The two basic components of sunscreen that make it work are either chemical ingredients or physical ingredients (many sunscreens use a combination of both).

Chemical ingredients: As the Environmental Protection Agency describes it, broad-spectrum sunscreens often contain a number of chemical ingredients that absorb UVA and UVB radiation. Many sunscreens contain UVA-absorbing avobenzone or a benzophenone (like dioxybenzone, oxybenzone, or sulisobenzone) in addition to UVB-absorbing chemical ingredients. In rare cases, chemical ingredients cause skin reactions, including acne, burning, blisters, dryness, itching, rash, redness, stinging, swelling, and tightening of the skin. These reactions are most commonly associated with para-aminobenzoic acid (PABA)-based sunscreens and those containing benzophenones. Some sunscreens also contain alcohol, fragrances, or preservatives, and should be avoided by people with sensitive skin.


Physical ingredients: The physical compounds titanium dioxide and zinc oxide reflect, scatter, and absorb both UVA and UVB rays. These ingredients generally do not cause allergic reactions. Unlike the white greasepaint look of older physical sunscreens, new technology allows the particle sizes of zinc oxide and titanium dioxide to be reduced, making the new formulas more transparent.


Which is best?: Healthy living watchdog Environmental Working Group has paid diligent attention to sunscreens as part of its comprehensive Skin Deep database. The group's top-rated sunscreens (the ones they consider healthiest) all contain physical ingredients. They recommend these as, “the right choice for people who are looking for the best UVA protection without any sunscreen chemical considered to be a potential hormone disrupter. None of the products contain oxybenzone or vitamin A and none are sprayed or powdered.”


How to apply

  • Apply sunscreen around 30 minutes before being in the sun for best absorption by the skin; it will be less likely to wash off when you perspire.
  • Shake well before use to mix particles that might not be mixed well in the container.
  • Make sure to apply an ample amount. Basically, use one ounce (equal to about a handful) to cover your entire body. Apply thickly and thoroughly.
  • Use on all parts of your skin exposed to the sun, including the ears, back, shoulders, and the back of the knees and legs. Don't forget beneath straps!
  • Reapply sunscreen at least every two hours — and more if you’re sweating or getting in and out of the water.
  • Try a sunscreen with different chemicals if your skin reacts badly to one that you are using. 
  • Use a water-based sunscreen if you have oily skin or are prone to acne.
  • Some sunscreen ingredients can degrade over time, so check the expiration date.
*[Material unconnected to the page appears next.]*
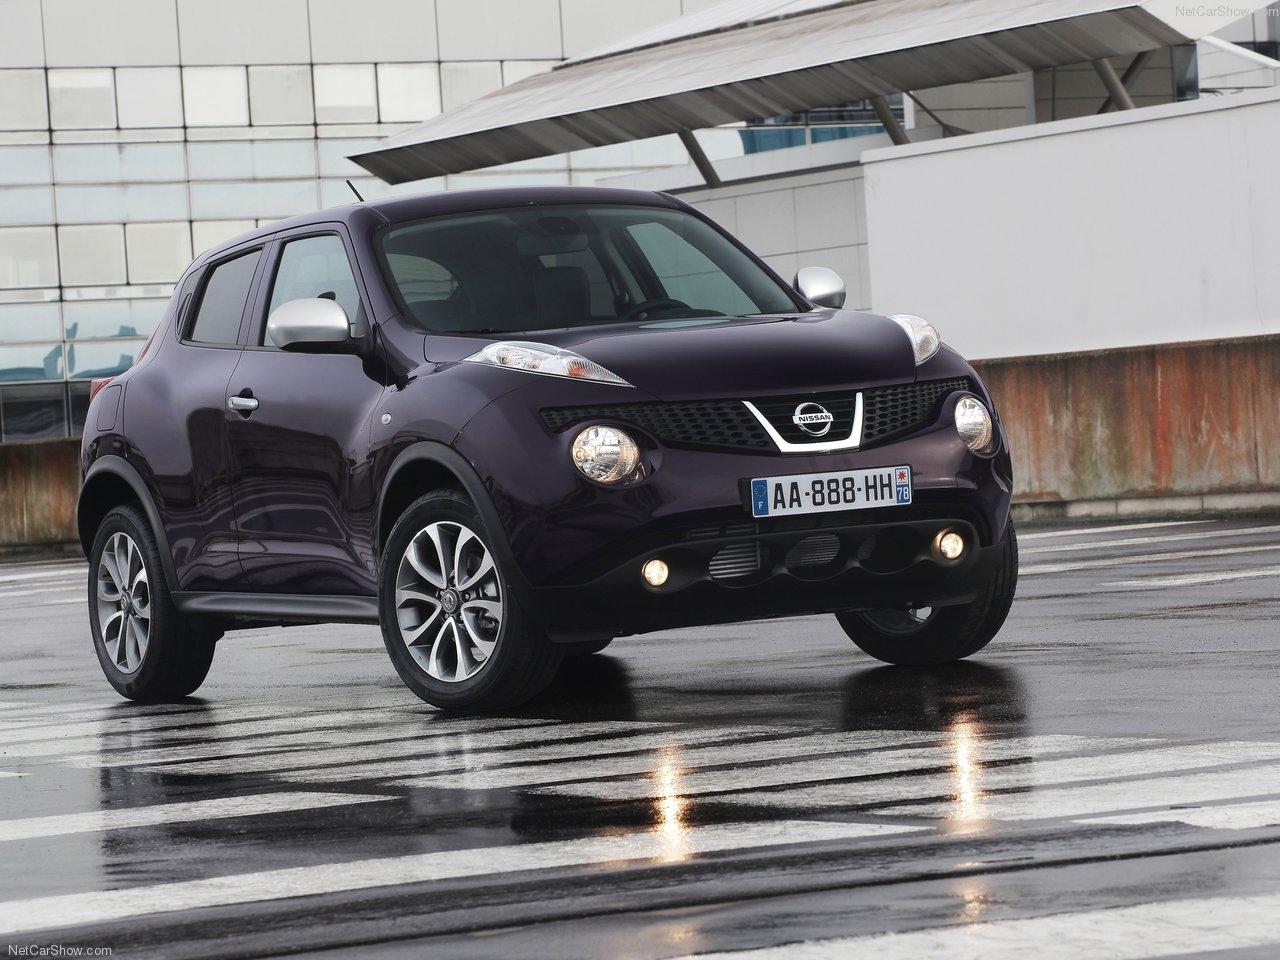 http://4.bp.blogspot.com/-0kfzY2EkJU8/Tw5HqOXVUzI/AAAAAAAAD8E/R3jny05PuyI/s1600/Nissan-Juke_Shiro_2012_1280x960_wallpaper_01.jpg

A note on spray sunscreens: The FDA has requested additional data to establish effectiveness and to determine whether spray sunscreens present a safety concern. According to Consumer Reports, the particular concern is the possibility that people might accidentally inhale the ingredients, a risk that’s greatest in children. The group recommends not using sprays on children, unless no other product is available.